ON GLOBAL CLIMATE CHANGE AND HEALTH

J.A. Patz and M. Khaliq (Johns Hopkins University, US) discuss
global climate change, the authors making the following points:

1) Global climate change is expected to have broad health
impacts.[1] If current warming trends continue, heat waves,
floods, and droughts and their attendant physical effects are
likely to become more frequent and severe. Warmer air
temperatures can influence the concentration of regional air
pollutants and aeroallergens. Less direct health impacts may
result from the disruption of ecosystems and of water and food
supplies, which in turn could affect infectious disease incidence
and nutritional status. Finally, sea-level rise could lead to
major population displacement and economic disruption.
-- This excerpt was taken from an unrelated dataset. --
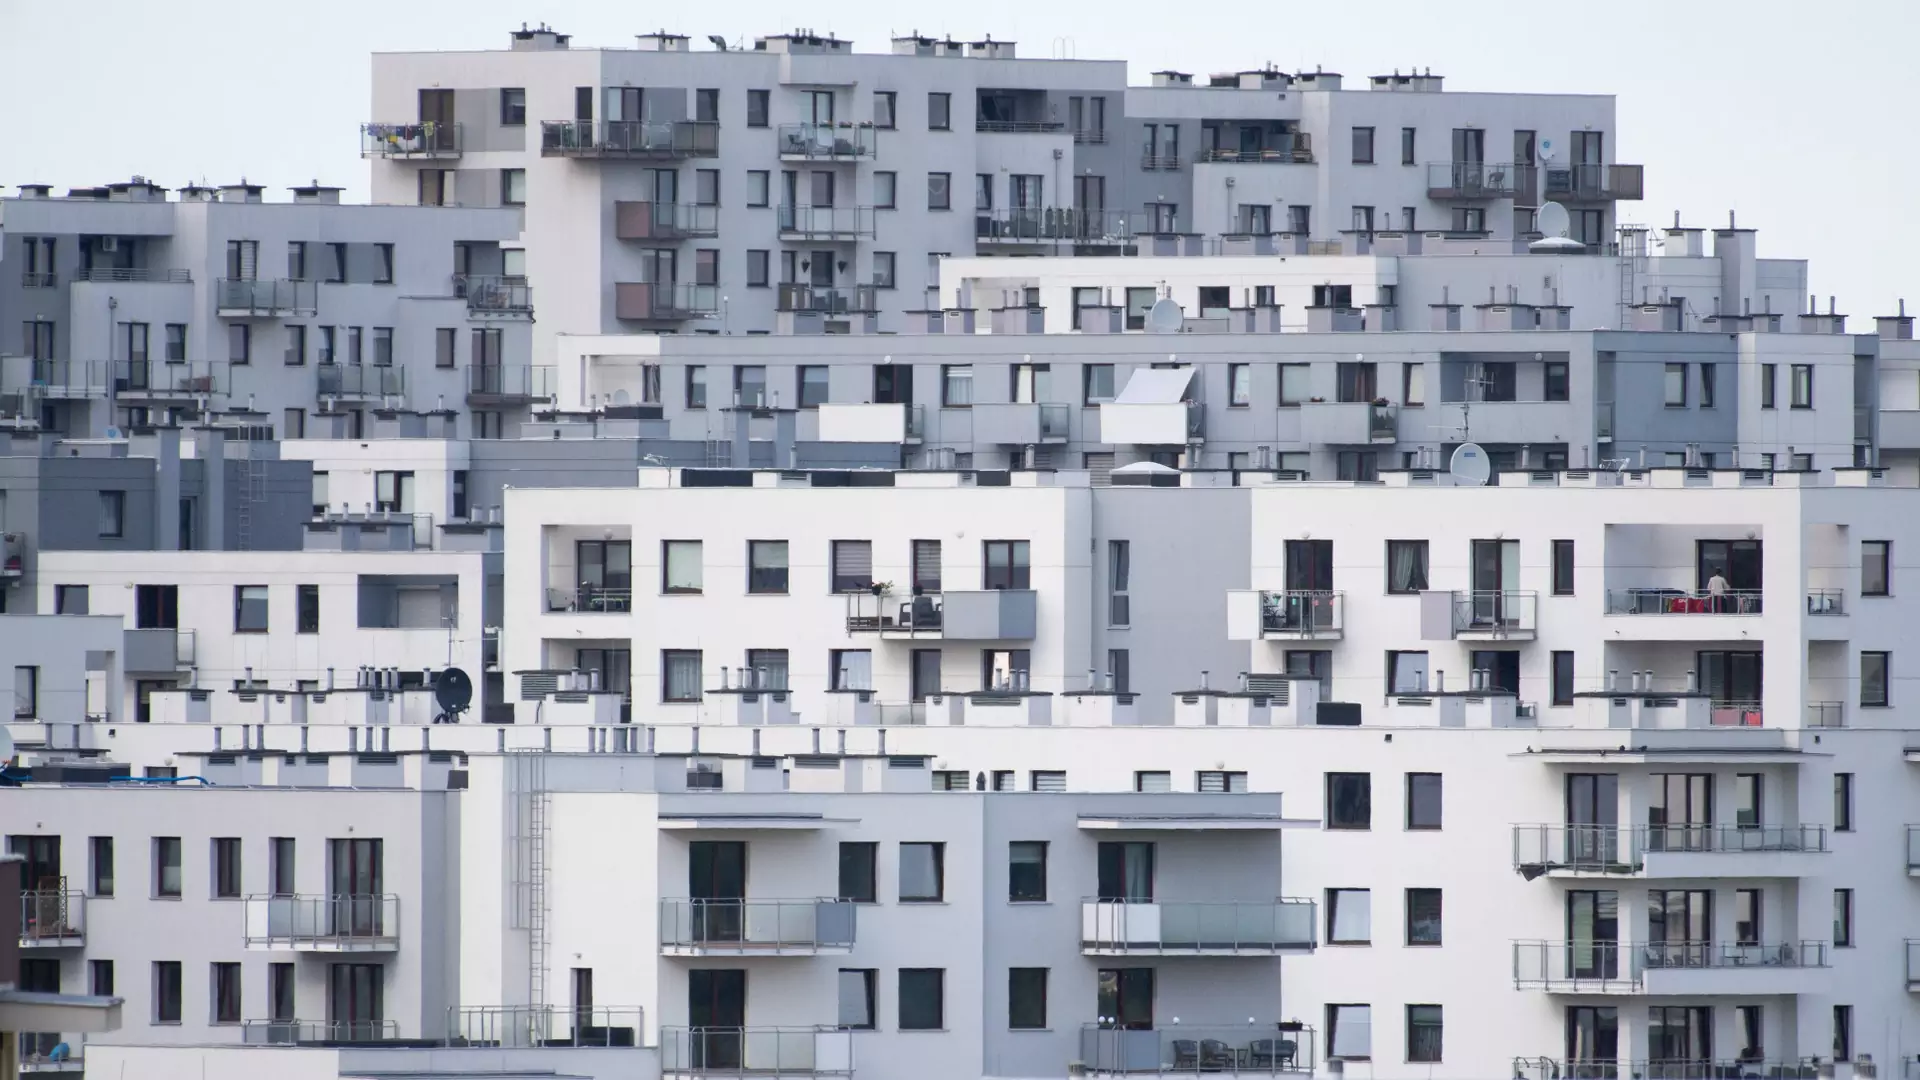 Mieszkanie za 600 tys. może być warte 480 tys. w 2022 r. Prognoza zaskakuje

2) Human activities related primarily to the burning of fossil
fuels and changes in land cover such as deforestation are
changing the concentration of atmospheric constituents or
properties of the earth's surface that help to absorb or scatter
radiant energy.[2] Since the preindustrial mid-1800s, increases
in concentrations of three major greenhouse gases, carbon
dioxide, methane, and nitrous oxide, have exceeded past changes
that occurred over the last 10 000 years; carbon dioxide alone
has increased by 30% since the late 1800s.[1] Warmer air, such as
that resulting from the greenhouse effect, can hold more moisture
and more quickly evaporate surface water, thereby increasing the
frequency of severe storms, floods, and droughts.[1]

3) According to the United Nations Intergovernmental Panel on
Climate Change (IPCC), "An increasing body of observations gives
a collective picture of a warming world and other changes in the
climate system.[3] During the 20th century, global average
surface temperature increased about 0.6 degrees C, global average
sea level rose 10 cm to 20 cm, and snow and ice cover
decreased.[2] The latest IPCC report predicts that if current
trends continue, sea level rise will rise 45 cm and global
temperatures will increase by 3 degrees C by the year 2100.[3]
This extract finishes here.